I revise like this,it works but I don't know whether delete it is right.

fire-keeper commented 3 years ago

@544211707 I think I find the essence of the problem. It is cpp_mstar, the compile python wraper of od_mstar , which comsumes too much memory. In "max_time += time_limit", max_time has not been defined, so an exception would be raised, which make programe won't call cpp_mstar but od_mstar. Therefore, the great memory consuming problem is solved by this weird code "max_time += time_limit.

544211707 commented 3 years ago

@fire-keeper OK,I got it~

Qiutianyun456 commented 3 years ago

@544211707 我想我找到了问题的本质。它是 cpp_mstar,od_mstar 的编译 python 包装器,它消耗了太多内存。 在“max_time += time_limit”中,max_time没有被定义,所以会引发异常,这使得程序不会调用cpp_mstar而是od_mstar。因此,巨大的内存消耗问题被这个奇怪的代码“max_time += time_limit”解决了。 hi,Why don't I find this line“max_time += time_limit” of code in Env_Builder.py?

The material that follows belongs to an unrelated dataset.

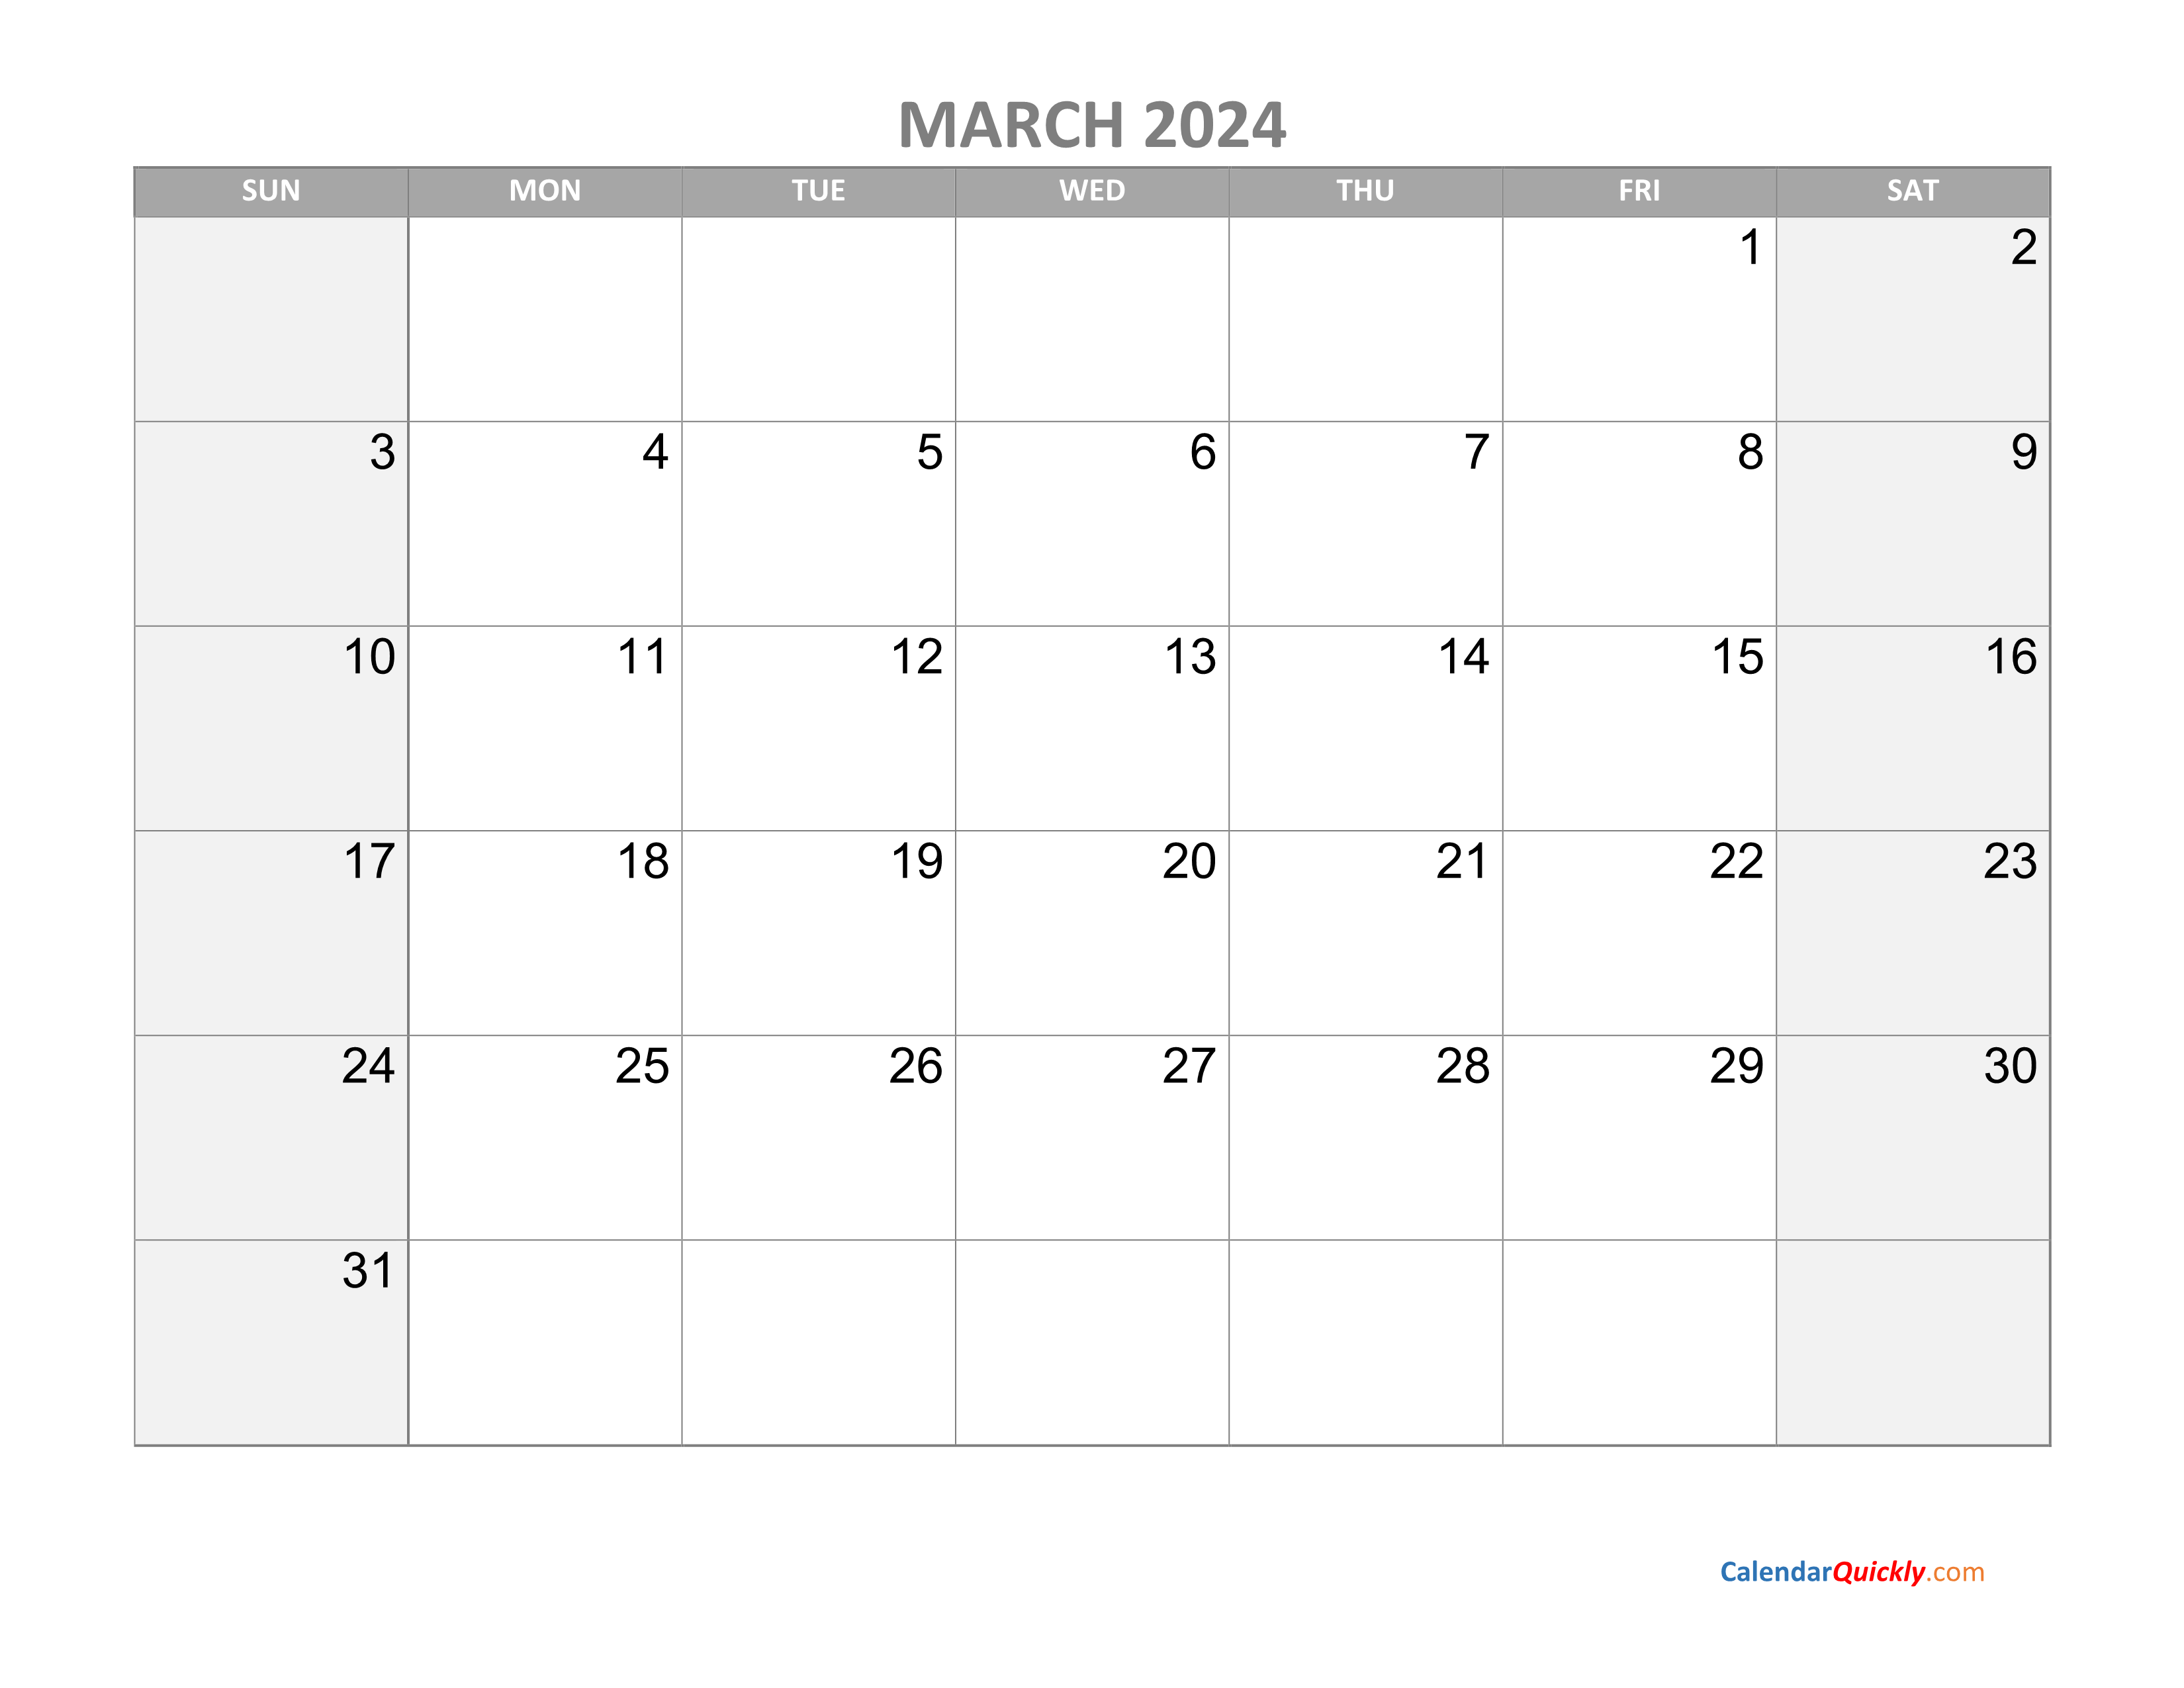 march-calendar-2024-with-holidays-calendar-quickly

greipicon commented 9 months ago

@544211707我想我找到了问题的本质。它是cpp_mstar,od_mstar的编译python包装器,它消耗了太多的内存。在“max_time += time_limit”中,max_time没有被定义,所以会引发异常,这使得程序无法运行会调用cpp_mstar和od_mstar。因此,巨大的内存占用问题被这个奇怪的代码“max_time += time_limit”解决了。嗨,为什么 我在Env_Builder.py中找不到这行“max_time += time_limit”代码? Hi, I'm getting the same error and also can't find this line of "max_time += time_limit" code in Env_Builder.py, have you solved this problem yet?